One woman he interviewed, who becomes the character Ann in the play, wanted to sponsor a family from Africa – a family that had been languishing in a refugee camp for 13 years – but others in her group said they wanted to sponsor a family of Syrians because of that photo. “It’s fascinating to me, both as an artist and as a human being, what moves the heart,” Bernbaum says.

“Why do we care only when we see certain things?”

When the play could not be performed to a live audience this year because of the pandemic, director Michael Shamata turned it into a filmed production. Bernbaum cut down the script to one act and rehearsals were conducted online.

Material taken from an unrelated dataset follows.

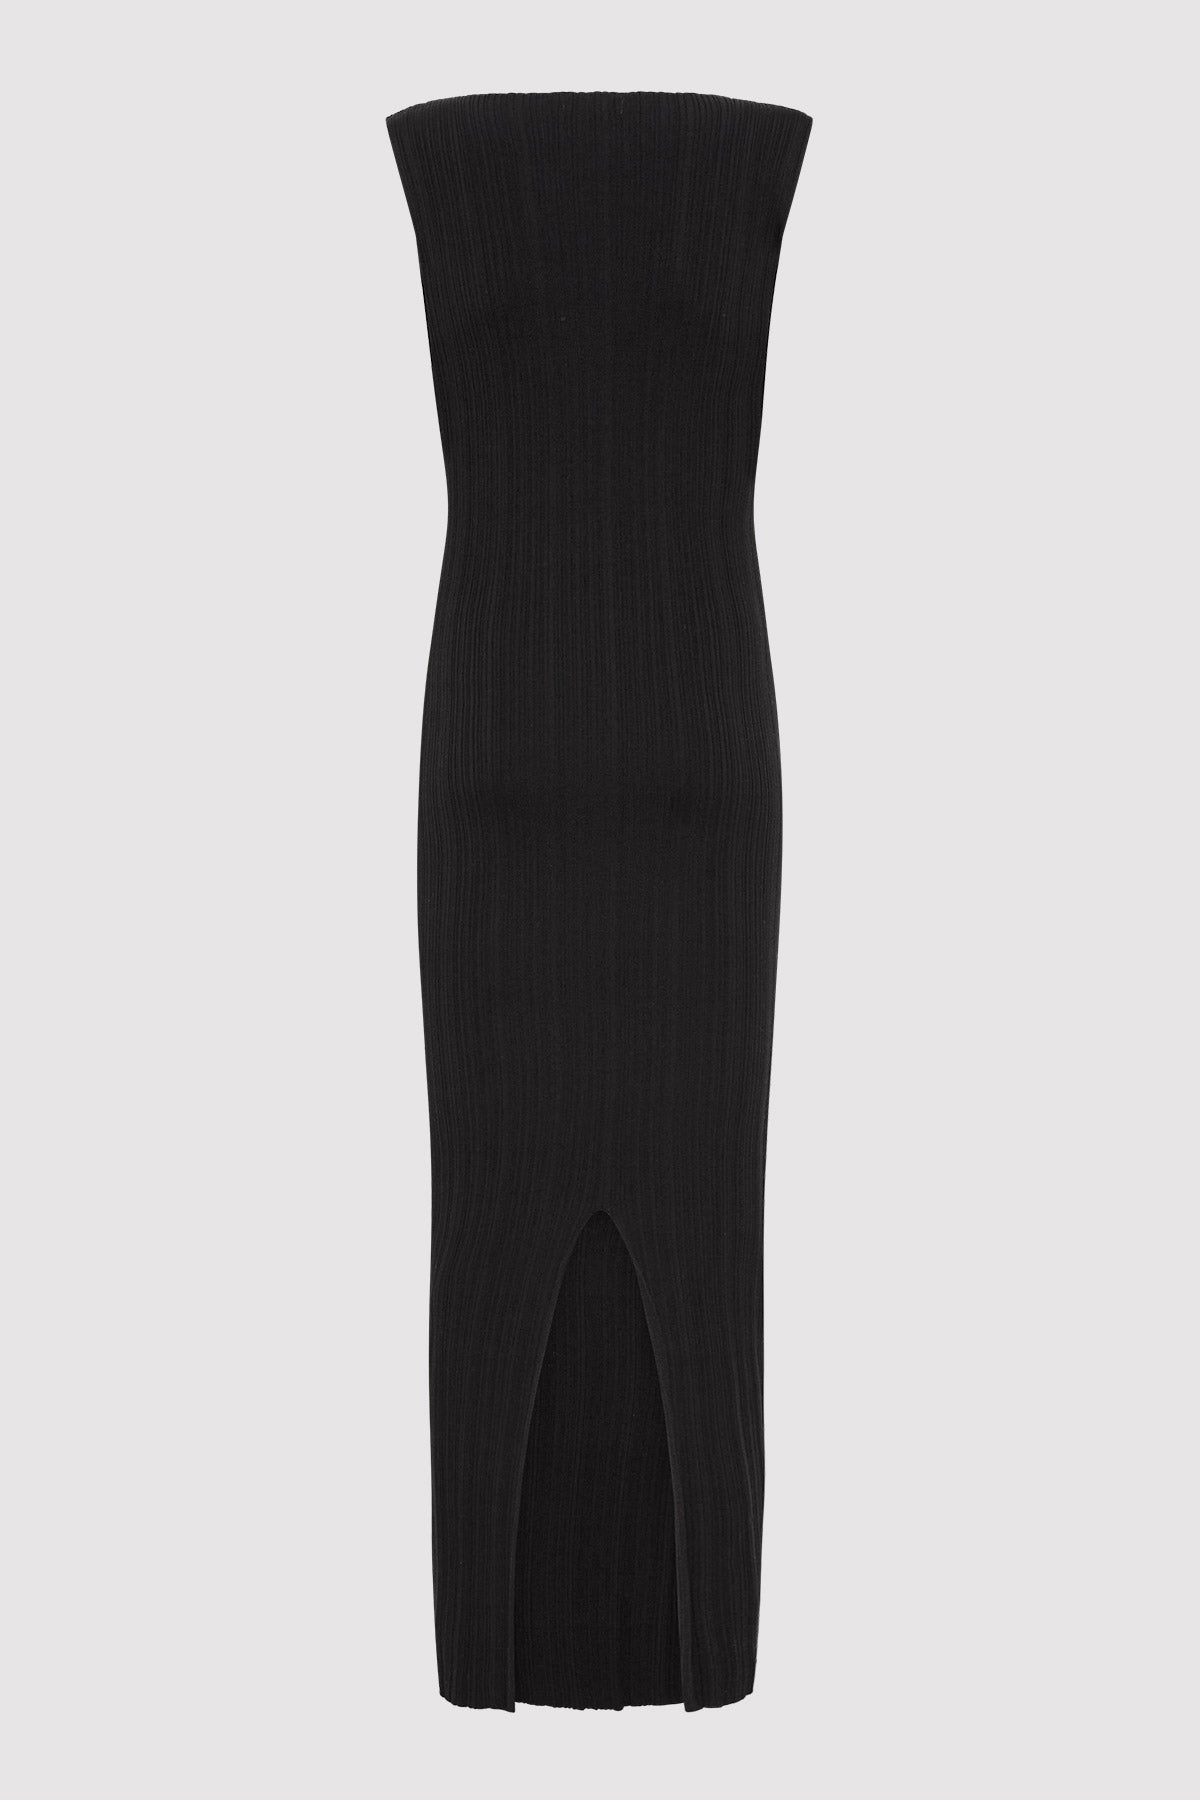 Vas Pleat Knit Dress - Black

Bernbaum hopes the play will eventually be produced for live audiences. But he also says the time is right for a play about the plight of refugees – which he fears has become somewhat lost during the pandemic.

“I hope that the play is about making the country that we want. And there’s so much talk about building back better and the pandemic being a great reset, but what does that talk really mean? And how is the talk going to translate into action?” says Bernbaum, who last year was awarded a Pierre Elliott Trudeau Foundation doctoral scholarship. “A hope of mine and a dream of mine is that the play in some small way will catalyze some sort of awareness or action that brings the issue back into the light.”

Being Here: The Refugee Project is streaming from the Belfry Theatre until March 21.